----- EXERCISE DATA -----
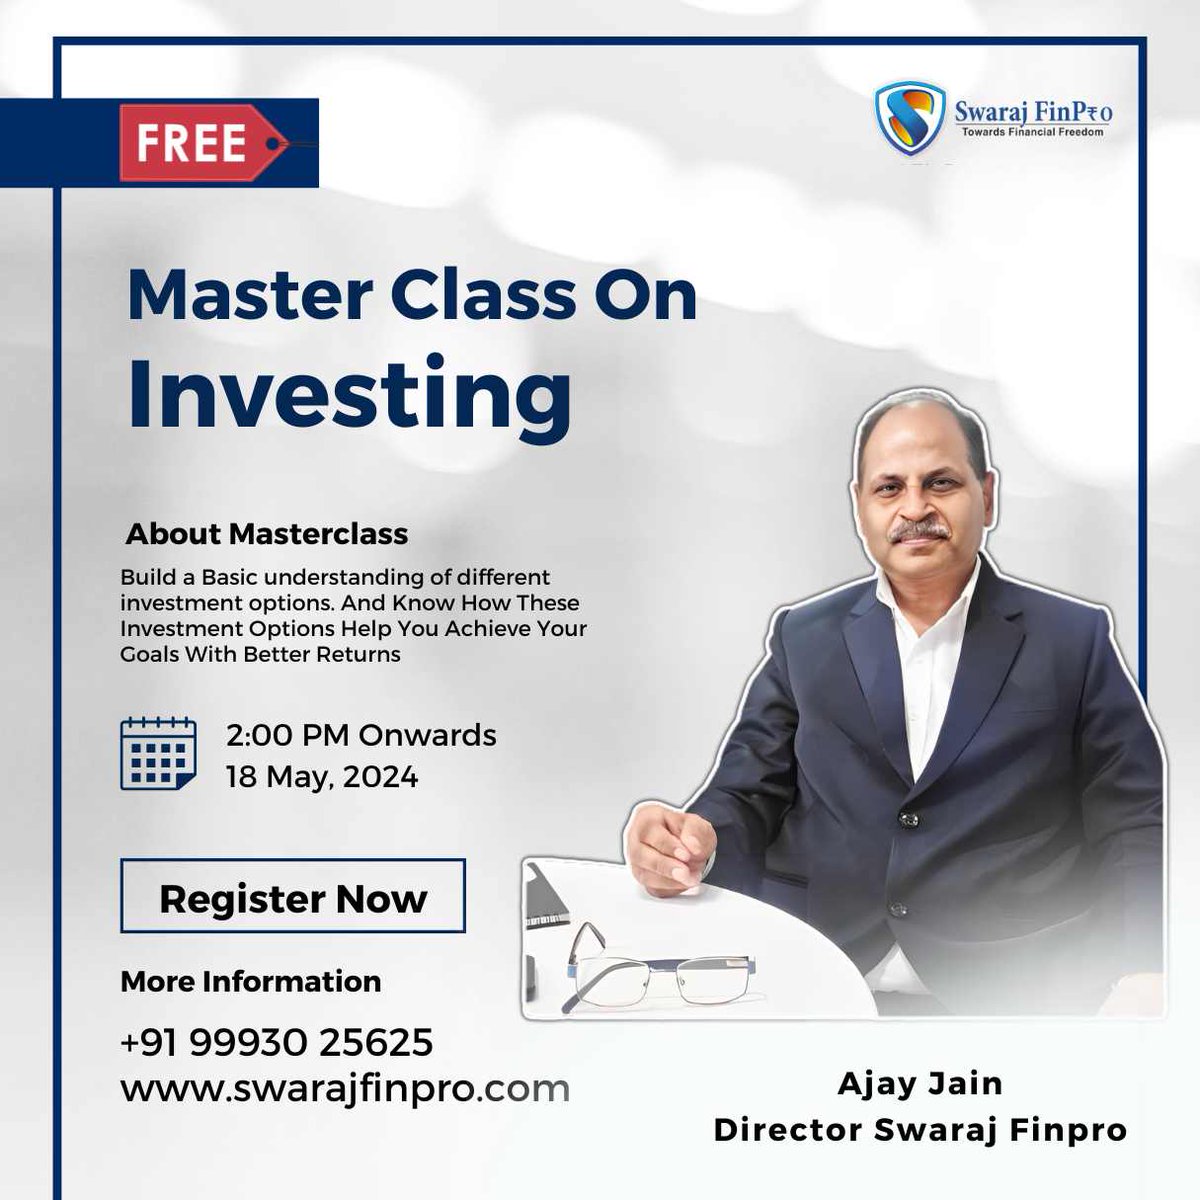 Free Master Class On Investing With Swaraj Finpro. Build a Basic understanding of different investment options. And Know How These Investment Options Help You Achieve Your Goals With Better Returns
#SIP #mutualfunds #equitymarkets 
🌐swarajfinpro.com
📞𝟗𝟗𝟗𝟑𝟎𝟐𝟓𝟔𝟐𝟓
-----
**REQUIREMENT:**
Output the listing above in full and exactly, with pictures excluded.

**ANSWER TO THIS EXERCISE:**
 Free Master Class On Investing With Swaraj Finpro. Build a Basic understanding of different investment options. And Know How These Investment Options Help You Achieve Your Goals With Better Returns
#SIP #mutualfunds #equitymarkets 
🌐swarajfinpro.com
📞𝟗𝟗𝟗𝟑𝟎𝟐𝟓𝟔𝟐𝟓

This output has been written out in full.